Jv-compression-tool

jv-compression-tool is a pure Python implementation of lossless Huffman compression, built from scratch to explore how compression works at a low level. It includes both a compressor and decompressor, designed as a clean, reusable library with a strong focus on correctness and test coverage.

What this project demonstrates:

Algorithm implementation — frequency analysis, Huffman tree construction, and deterministic code generation

Binary data handling — packing/unpacking bitstreams, tracking padding, and converting between bytes and bits

Software design — clear module boundaries, reusable utilities, and maintainable project structure

Test-driven development — comprehensive unit and integration tests covering edge cases and full workflows

Packaging — structured as a distributable Python package with versioning and documentation

How it works:

The compression pipeline follows the full Huffman workflow: build a frequency table, construct a min-heap, generate a Huffman tree, produce a code map, and encode the input into a compact bitstream.
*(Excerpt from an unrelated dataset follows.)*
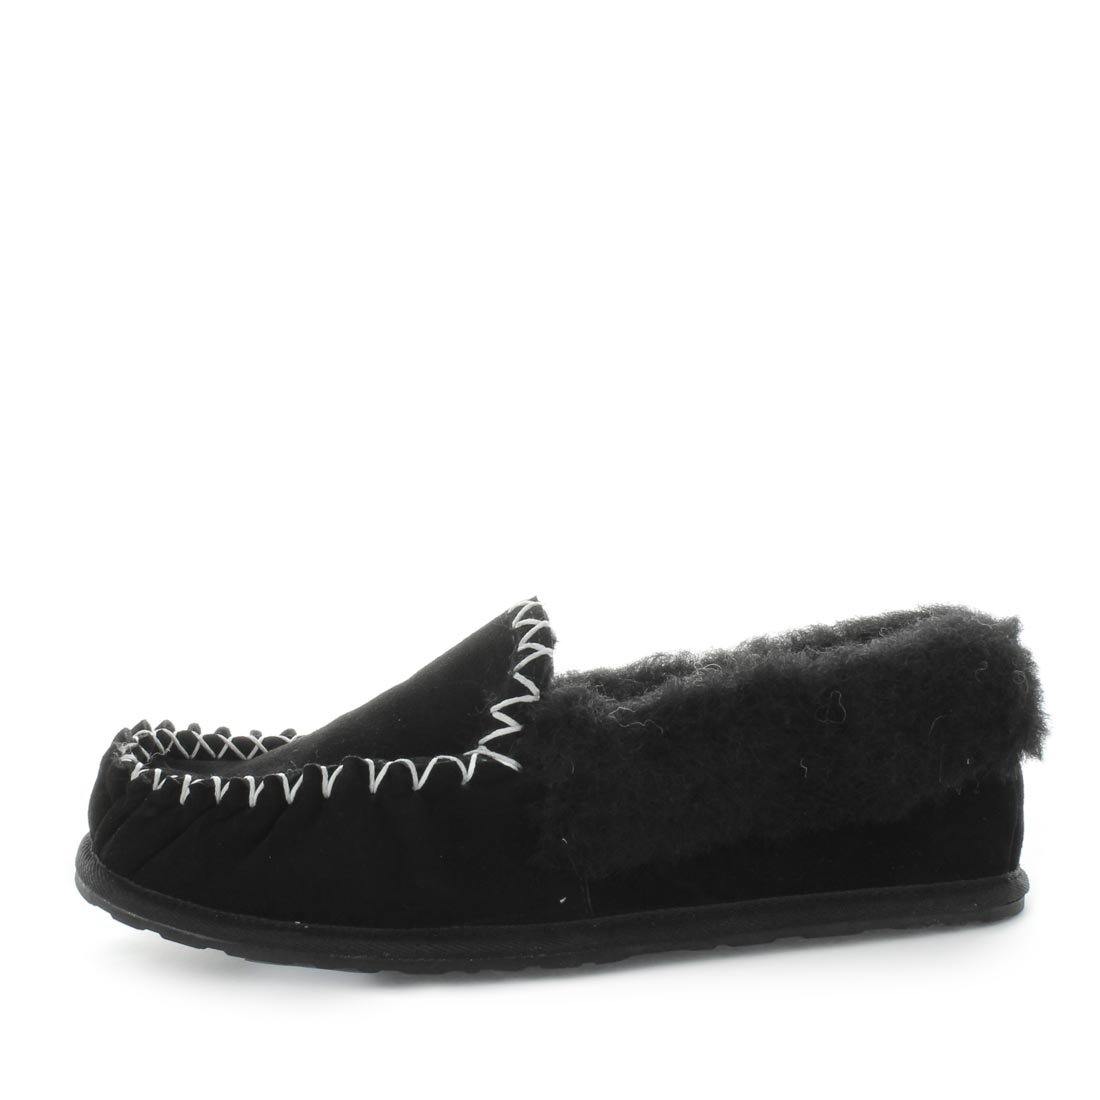 Mens slipper chums by just bee uggs, uggs boots - just bee slippers - mens slippers, moccasin slippers, wool slippers, 100% wool slippers.  (6535825915983)

The output includes a custom header format that stores metadata (such as padding length and symbol frequencies) so the decompressor can reliably reconstruct the original content.

The current version is primarily designed and tested for text-based data (UTF-8). The underlying Huffman implementation can technically compress any byte sequence, and future updates may expand the high-level API to handle arbitrary binary formats more robustly.

Interactive demo:

This project is also designed to be showcased as an interactive demo page, where users can compress and decompress input directly in the browser and see the workflow step by step (frequency table, tree, and encoded output). The goal is to make the compression pipeline visible and easy to understand, while still demonstrating real backend logic.

Key challenges solved:

Designing a modular architecture — separating frequency analysis, tree building, code mapping, header encoding/decoding, and I/O into focused modules

Implementing a min-heap from scratch — sift-up/sift-down, push/pop operations, and validation tests

Building a complete Huffman workflow — handling empty input, single-symbol input, and deterministic merges

Bit-level manipulation — packing variable-length codes into bytes and correctly restoring them during decoding

Creating a custom header format — storing metadata so decompression is reliable and deterministic

Building this project strengthened my understanding of algorithms, recursion, binary data handling, and how to design code that is easy to reason about and extend.